The poet Pinakin Trivedi, studied at Santiniketan, brought melody and rhymes of children's poetry by Rabindranath Tagore. Other children's poetry collections are Balshikshan Ni Garbavali by Gopalji Delwadakar, Kanya Garbavali and Balgeeto by Manishankar Dave, Bal Kavitao by Dhirajlal Bhatt, Gauri Na Geeto by Deshalji Parmar, Chalo Gaeye by Madhukant G. Mehta, Chandapoli by Vasant Nayak, Kilkilat by Jamubhai Dani, Naginavadi by Ramnik Aralvala, Chhbchhabiya by Avinash Vyas, Balkavya Mala by Viththalrai Avasthi, Balgeetavali by Keshav Sheth, Zulto Hathi by Pranshankar Upadhyay, Dada Ni Muchh by Shantikumar Pandya, Chanibor by Jugatram Dave.

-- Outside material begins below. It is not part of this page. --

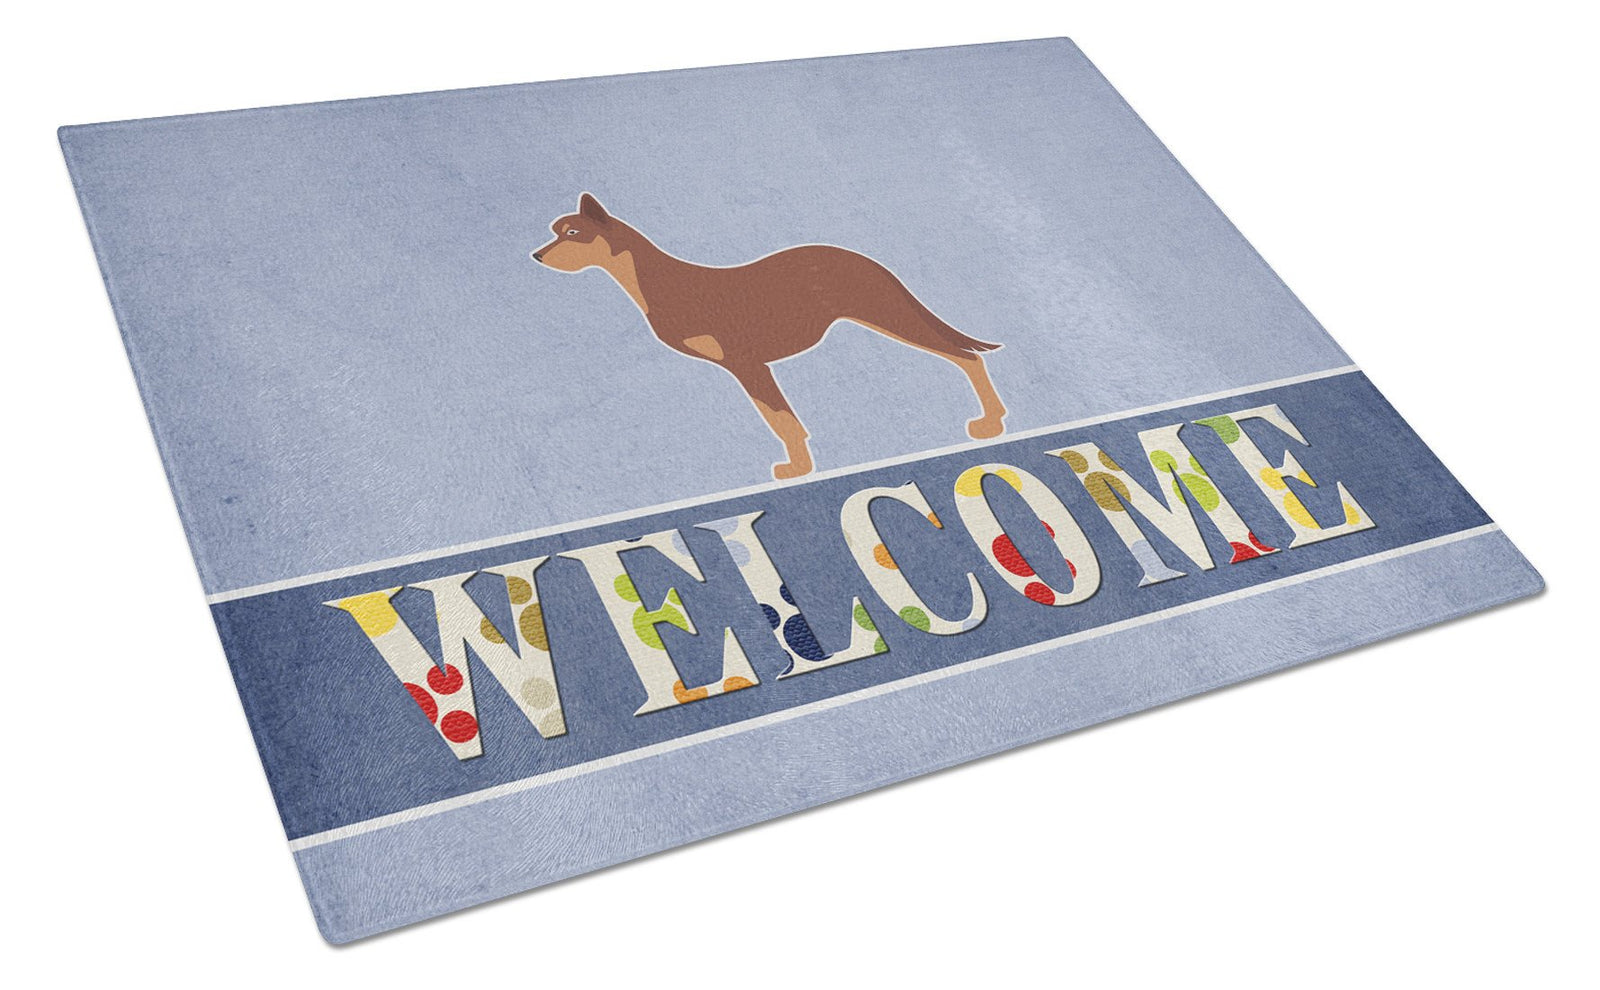 Australian Kelpie Dog Welcome Glass Cutting Board Large BB5533LCB by Caroline's Treasures

Several other poets also contributed including Umashankar Joshi, Bhanuprasad Pandya, Suresh Majmudar, Pujalal Dalwadi, Rashid Munshi, Ravindra Thakor, Phillip Clerk, Raksha Dave, Kanti Kadia, Natwar Patel, Sushilaben Zaveri. Kirit Purohit experimented with ghazal while Harikrishna Pathak with sonnet. Ilakavyo by Chandravadan Mehta; Janani Ni Jod Sakhi by Damodar Botadkar; Bharat No Zando and Gunvanti Gujarat by Ardeshar Khabardar and Lucy Grey by Viththalrai Avasthi are notable poems. Udayan Thakker has also published books on children's poetry.

==Children's plays==
Gijubhai Badheka published two volumes of children's plays through Dakshinamurti. Jugatram Dave wrote Andhala Nu Gadu and Galli Mari Ghrrr Jay. Gandiv published several plays under Chalo Bhajavie series during the same period. Other notable plays are Rangtoran and Rangdwar etc. by Jayanti Dalal; Ishwar Nu Mandir by Kismat Qureshi, Balko no Bandhav by Gaurishankar Chaturvedi, Antar Na Ajwala by Jethalal Chaudhri, Eklavya ane Biji Natikao by Pragji Dosa, Aa Rotli Kon Khashe? by Shanta Gandhi and Asman Ni Chilli by Leena Mangaldas.

==Biographies==
The children's literature in Gujarati is rich with biographies. Pranlal Mathurdas and Anandrav Champaji translated Robertson as Columbus No Vrutant in 1839 which was the first translated biography but is not targeted for children. Gijubhai Badheka published Kathanatya Granthmala which included biographies of Shivaji Maharaj, Buddhacharitra, Harishchandra, Gopichand etc. Jugatram Dave published Balko Na Gandhiji focused on Mahatma Gandhi. Dhirajlal Bhatt published several biographies under Adarsh Charitavali. Sayaji Balgyanmala is a series written by several authors focused on historical figures and patriots. The historical characters such as Mahatma Gandhi, Vinoba Bhave, Shivaji, Vivekanand, Ramakrishna, Lal Bahadur Shastri are also appear as biographical stories frequently.

==Publications==
The children's magazine played important role for spread and popularity of children's literature. Satyoday (1862) was the first children's magazine in Gujarati. Other magazines were Baloday (1877), Balmitra (1879), Balgyanvardhak (1882), Balshikshak (1911), Balako No Bandhu (1912), Balak (1923), Gandiv (1925), Balwadi (1927), Balodhyan (1931), Kishor (1935), Balsakha (1937), Baljagat (1939), Vidyarthi (1941), Ramakadu (1949), Zagmag (1952), Balsandesh (1952), Balkanaiyo (1954), Chandamama (1954), Rasranjan (1958), Sabras (1962), Rasvinod (1965), Baldakshina (1966), Fulwadi (1967), Pagalee (1968), Chandapoli (1968), Suman Sanskar (1977), Bulbul (1977), Balmasti (1979), Nayak (1979), Vandarful (1981), Safai (1981), Balako Nu Chhapu (1983), Chamak (1984), Chi (1984), Flower Pot (1984), Chitrakatha (1986), Tintin (1987), Mini Chocolate (1987), Rasvinod (1990), Champak (1991), Tinkle (1991), Tamtam (1991), Varta Re Varta (1991).

All major Gujarati newspapers publishes supplements dedicated to children every week including Zagmag by Gujarat Samachar, Balsandesh by Sandesh, Bal Bhaskar by Divya Bhaskar.